Она листала дальше, и ее взгляд упал на рисунок. Схематичное изображение дома. Их дома. И на ней, у печки, был нарисован маленький, лохматый человечек, сидящий на поленнице. Рядом подпись: «Хозяин. Уговорила остаться. Кашу с маслом по четвергам, ленту красную на поленницу завязать. Спит в лаптях старых».

Алиса медленно подняла голову и посмотрела на поленницу у печи. Связка лаптей, которую она вчера приняла за хлам, висела там, на самом видном месте. И на одном из них, на носке, была повязана выцветшая, но все еще красная, ленточка.

Сердце забилось чаще, но на этот раз не только от страха. От предвкушения. Она подошла к поленнице и осторожно потрогала лапоть с лентой. Он был теплым, будто его только что сняли.

«Кашу с маслом по четвергам…»

А сегодня был четверг.

Она не была суеверной. Она была прагматиком. Но прагматизм в новых условиях диктовал новые правила. Если невидимая охрана дома существует, ее нужно задобрить. Это была логика выживания.

Она нашла на полке крупу — старую, но чистую. Сварила на печке, с трудом разобравшись с заслонками, густую, маслянистую кашу. Пахло это все не очень аппетитно, но она не для себя готовила. Потом она нашла маленькую, почти игрушечную мисочку, похожую на ту, что была на чердаке. Налила в нее кашу, капнула сверху растопленного масла из привезенного с собой запаса.

С замиранием сердца она поставила мисочку на поленницу, рядом с лаптями.

«На… Хозяин», — прошептала она, чувствуя себя полной дурой.

Ничего не произошло. Каша стояла, парок поднимался в прохладный воздух. Алиса вздохнула, разочарованная и одновременно облегченная. Решив отвлечься, она взяла дневник и устроилась за столом, пытаясь расшифровать хотя бы часть записей.

Она так увлеклась, что не заметила, как пролетело время. Ее глаза сами закрывались. Решив вздремнуть, она положила голову на стол.

Ей снился кошмар. Тот самый лес, черный и бездонный. И лицо. Оно плыло к ней сквозь деревья, вытянутое, бледное. Шепот становился все громче, превращаясь в оглушительный визг…

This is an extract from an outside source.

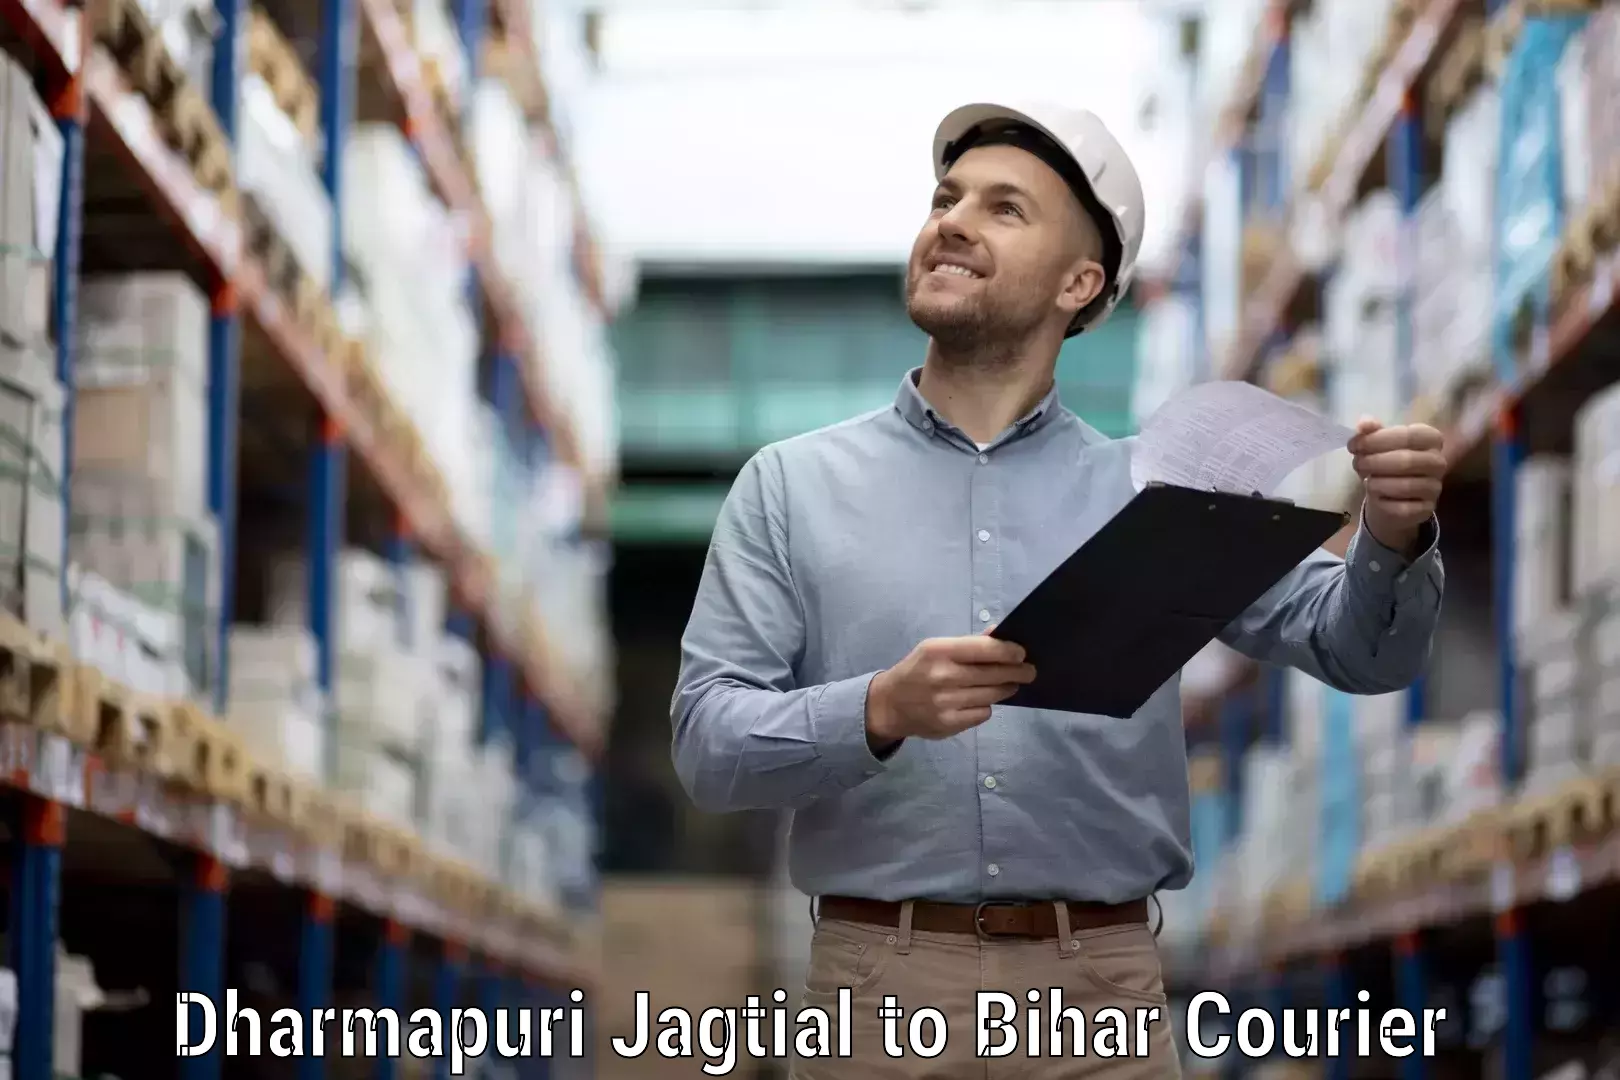 International courier networks Dharmapuri Jagtial to Bharwara
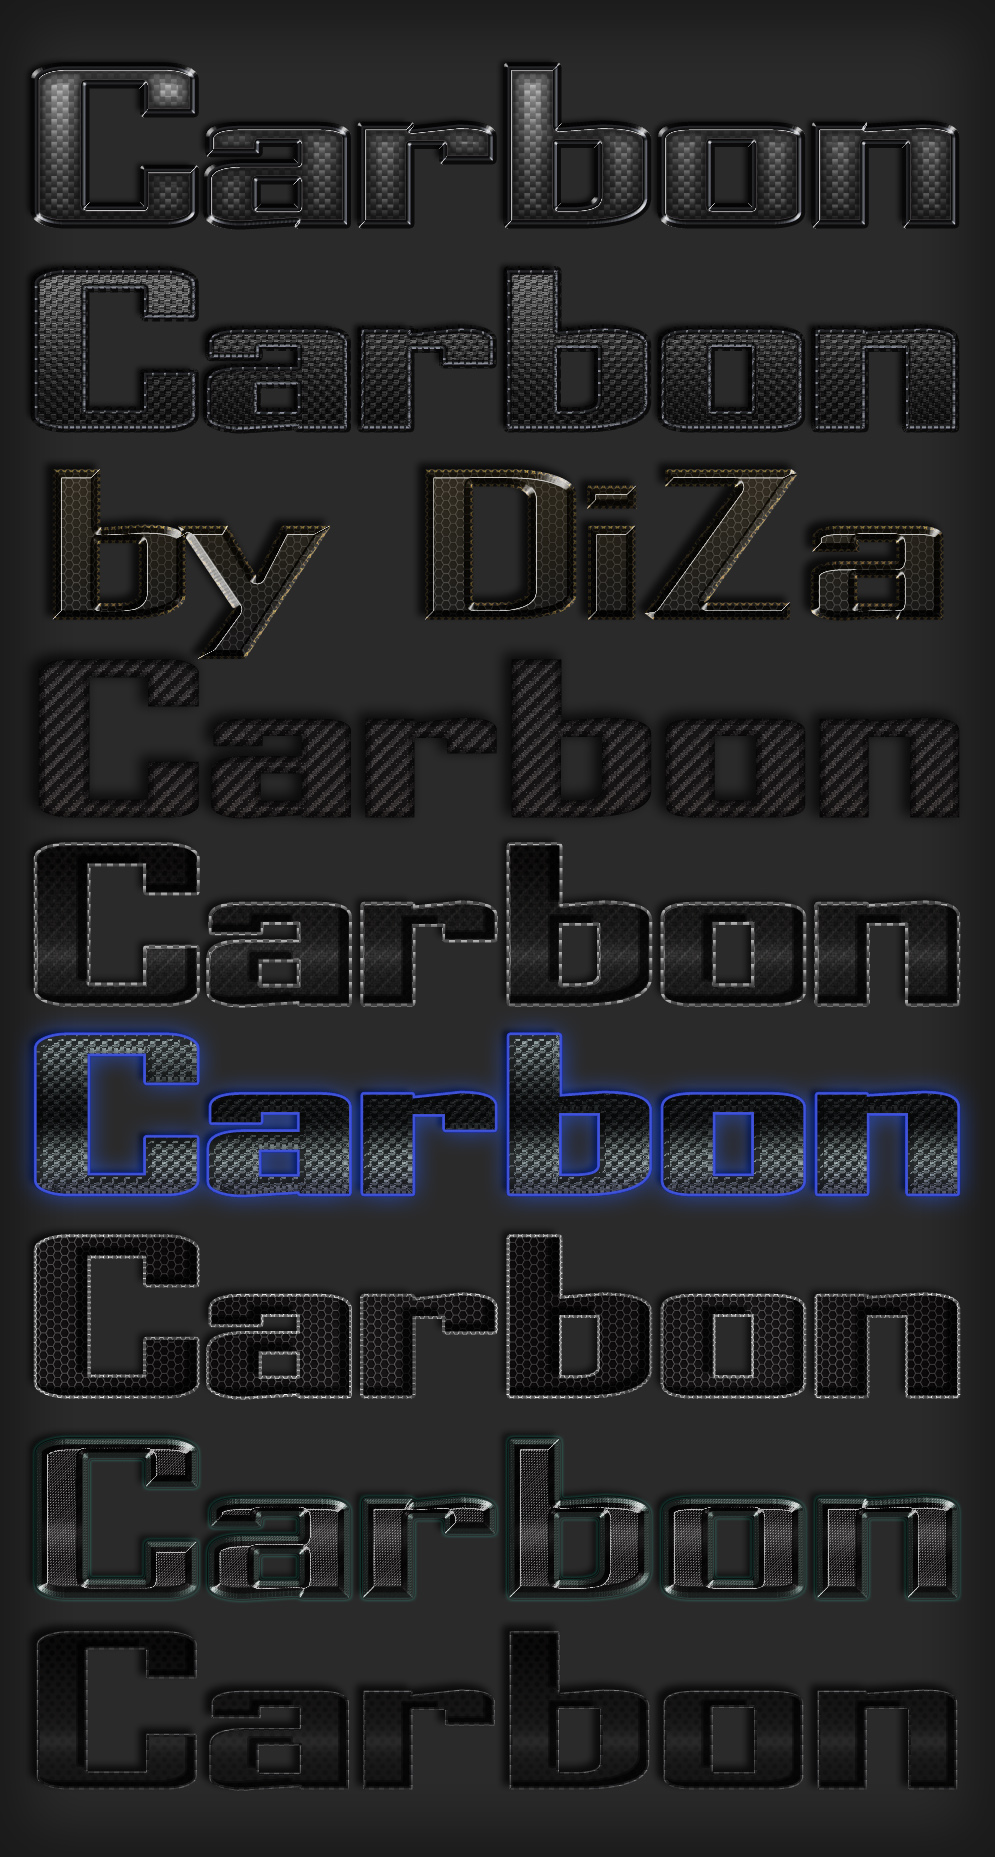 carbonbydizakljms.jpg

Алиса дернулась и проснулась. Сердце бешено колотилось. В горнице было темно — она проспала до вечера. И тут она поняла, что проснулась не от кошмара. Ее разбудил звук.

ГЛАВА 3. ЛЕС НЕ ВЫПУСКАЕТ

Утро пришло серое и мокрое. Моросил мелкий, назойливый дождь, превращавший грунтовку перед домом в липкую, черную жижу. Но для Алисы этот день был наполнен решимостью, какой она не чувствовала с самого приезда. Присутствие домовенка, которого она мысленно окрестила Моховиком, изменило все. Страх не исчез, но он перестал быть парализующим. Теперь это был страх-союзник, осторожность, заставляющая думать и действовать.

Она провела утро, изучая дневник Варвары. Это уже не было бессистемным листанием. Она искала конкретику. Упоминания о Маре, о «границах», о том, как «заделывать щели». Она нашла несколько простых оберегов — схемы рисования углем или мелом на дверных косяках. Один, под названием «Громовик», должен был «отсекать дурное, что приходит с ветром». Другой, «Колядник», — «освещать путь домой путнику и сбивать с пути лихого».

Она не до конца верила в это, но прагматизм подсказывал: если это работало для Варвары, сработает и для нее. Нашла в чулане кусок березового угля и старательно, сверяясь с рисунком, вывела «Громовик» на внутренней стороне входной двери. На пороге нарисовала «Колядник». Ритуал придал ей странной уверенности.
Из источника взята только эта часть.